Wheeler was adopted just before his second birthday by an American, Alexander Wheeler, a former Army officer and heir to a banking fortune, and his young wife Betty, daughter of a baronet, Sir John Gibbons. The couple also adopted a little girl, Susan, on the same day.

Wheeler spent his early years growing up on the Leighon Estate in Manaton, Devon.
He was educated at Eton College. He did his national service with the Welsh Guards, before studying at Christ Church, Oxford, from where he graduated with a second-class degree in law. He practised law as a barrister, before becoming an investment banker. However, Wheeler found his niche through IG Index, which pioneered spread betting. Originally, the company was launched to allow Britons to speculate on gold, when foreign exchange controls made it exorbitantly expensive to actually buy it.

==Politics==
===Conservative Party===
Although a successful businessman, Wheeler was not a well-known figure nationally until he donated £5m to the Conservative Party during the 2001 election campaign. This was the largest single donation ever made to a political party in the United Kingdom, until that of Frank Hester.

In January 2008, Wheeler brought an action against the government, represented by the Prime Minister, Gordon Brown, and the Foreign Secretary, David Miliband, over the government's process of ratification of the Treaty of Lisbon. The action sought to prevent the government from completing ratification of the treaty, on the grounds that it was illegal for a government to breach the public's legitimate expectation of adherence to manifesto and other commitments. The government, along with the Conservatives and Liberal Democrats, had pledged in their 2005 manifestos to hold a referendum on the European Constitution, which Wheeler held did not have "significant or material differences" from the Treaty of Lisbon. This action failed.

Wheeler was seen as belonging to the right wing of the Conservative Party. He supported Liam Fox in the 2005 leadership contest, and switched his support to David Davis against David Cameron in the final run-off. He was critical of the leadership of David Cameron during its first few months.

On 28 March 2009, Wheeler donated £100,000 to the UK Independence Party (UKIP) after criticising David Cameron's stance towards the Treaty of Lisbon and the European Union. He said, "If they kick me out I will understand. I will be very sorry about it but it won't alter my stance." The following day he was expelled from the Conservative Party.

===The Trust Party===
On 29 March 2010, Wheeler announced that he was forming a new political party to be called the Trust Party and that he would run for the Bexhill and Battle seat. The seat was won by Gregory Barker for the Conservatives, but Wheeler polled 4.9% and therefore lost his deposit.
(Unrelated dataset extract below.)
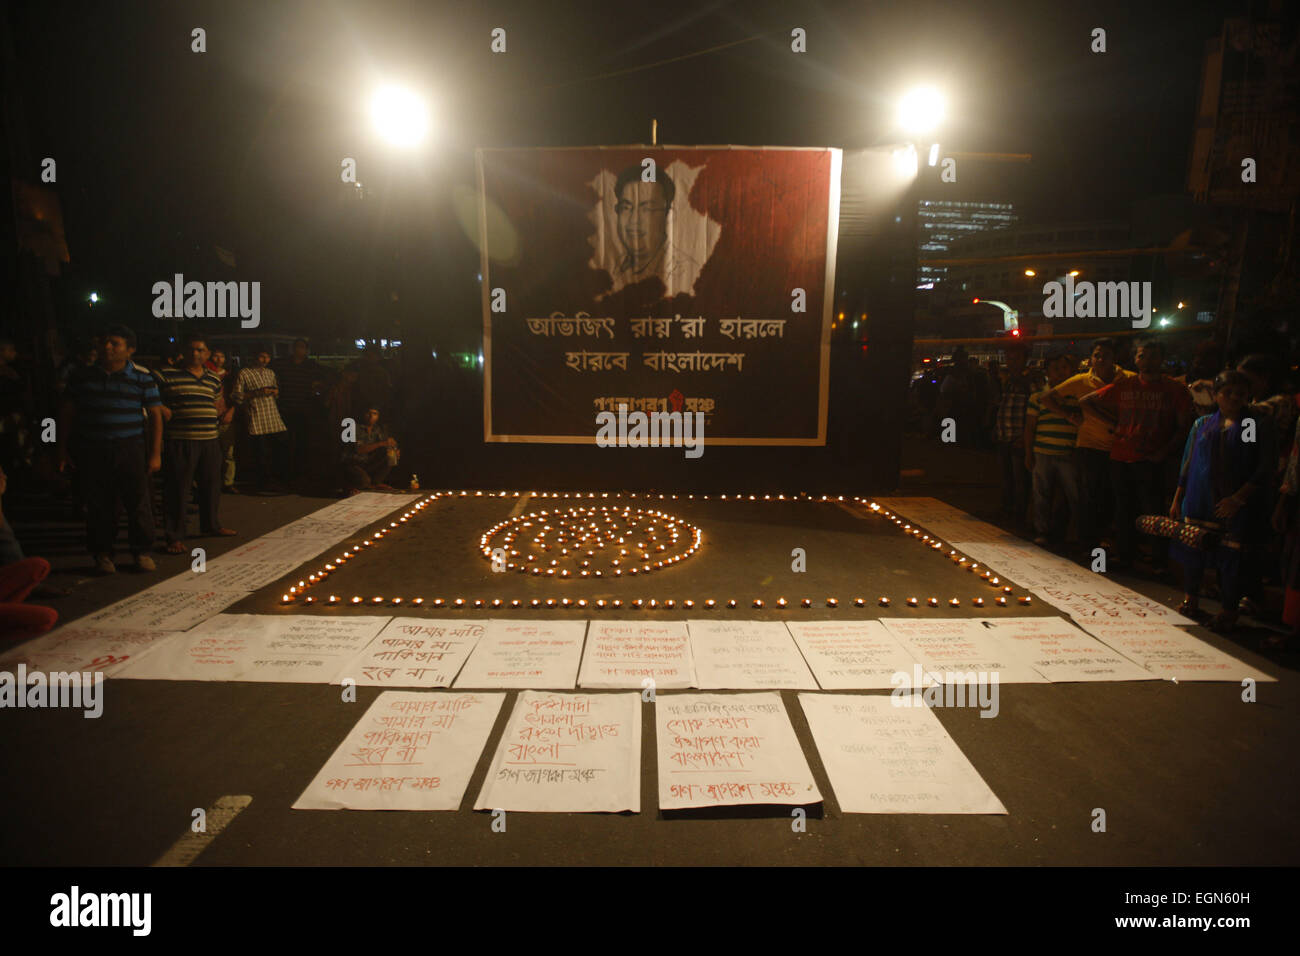 Dhaka, Bangladesh. Feb 27, 2015. Un militant du Bangladesh bougie allumée devant une affiche présentant un portrait de Avijit Roy comme d'autres se réunissent au cours d'une manifestation contre le Roy de Dhaka, Bangladesh, le vendredi 27 février, 2015. Armé d'un couteau une foule a frappé à mort un blogger bangladais dont les écrits sur la religion a apporté des islamistes radicaux des menaces. Avijit Roy, d'athée qui prône la laïcité, a été attaqué à Paris alors qu'il marchait d'une foire du livre avec sa femme, qui a été blessé dans l'attaque. Personne n'a été arrêté mais les policiers disent qu'ils étudient un groupe islamiste local que prai Banque D'Images

The new party also fielded a candidate in Perth and North Perthshire, where it won 1.1% of the vote.

===UKIP treasurer===
In 2011, Wheeler was appointed treasurer of UKIP to spearhead fundraising in advance of the 2014 European elections. His appointment was seen as a blow for the Conservatives because of his network of contacts. Party leader Nigel Farage said the move would enable the party to "raise serious money" as a lack of funds was "holding them back".
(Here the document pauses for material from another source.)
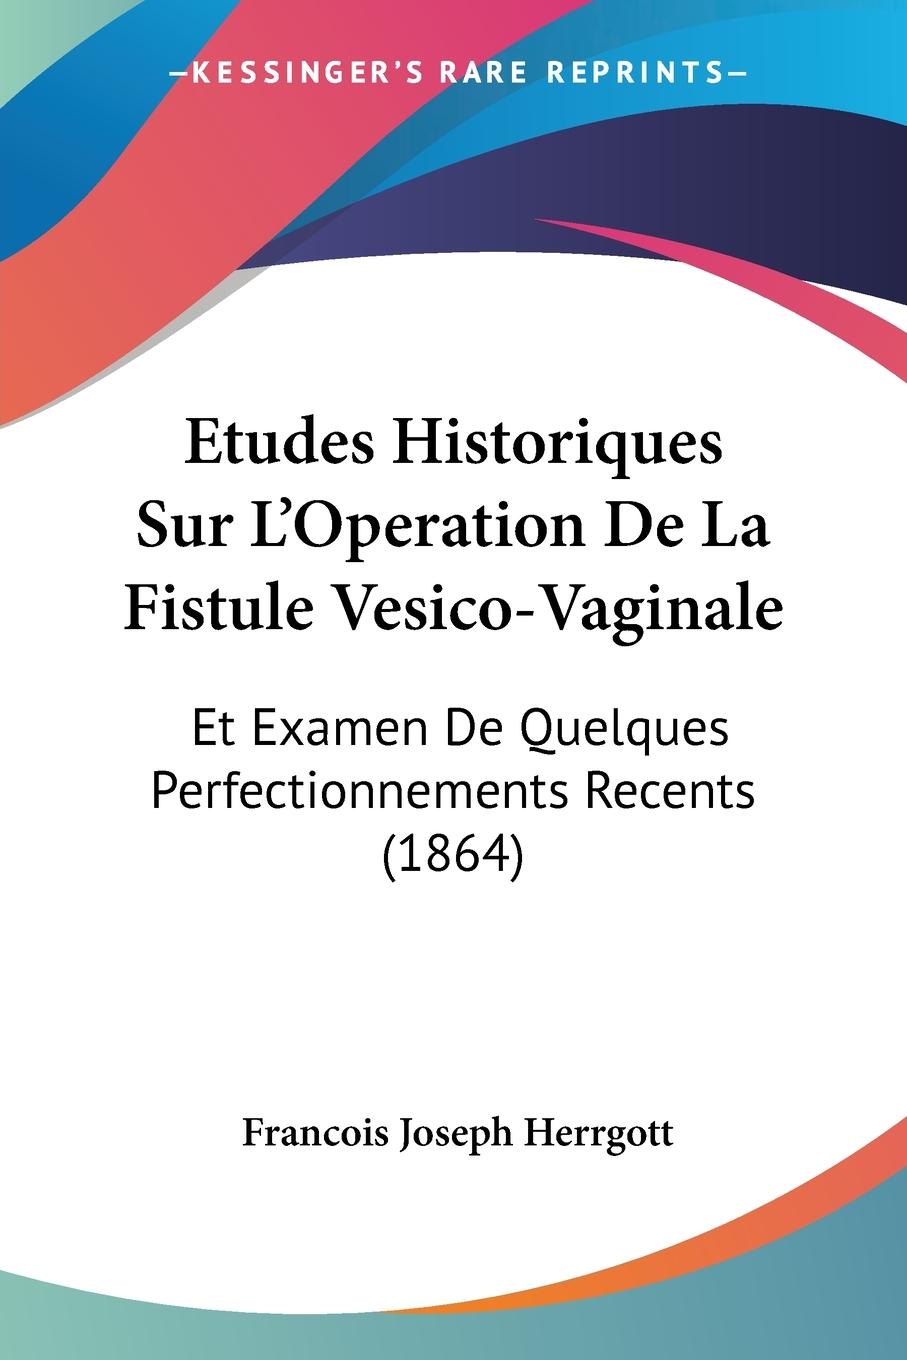 Etudes Historiques Sur L Operation De La Fistule Vesico-Vaginale - Herrgott, Francois Joseph

===Vote Leave co-treasurer===
At the launch of the Vote Leave campaign for Brexit in October 2015, Wheeler was reported to be one of the new group's three major donors, with Peter Cruddas and John Mills; the three men were appointed as joint co-treasurers.

==Personal life==
Wheeler was called an "obsessive" gambler, taking a keen interest in card and risk games and having played bridge with Lord Lucan on 6 November 1974, two days before his disappearance, and with Omar Sharif, as well as being a regular competitor in World Series of Poker championships.

His wife, photographer Tessa Codrington, died in 2016. They had three daughters, including model Jacquetta Wheeler.

In June 2020, Wheeler announced that he had stomach cancer with only "six months to live". He died a month later on 23 July 2020, aged 85, at his home Chilham Castle in Kent.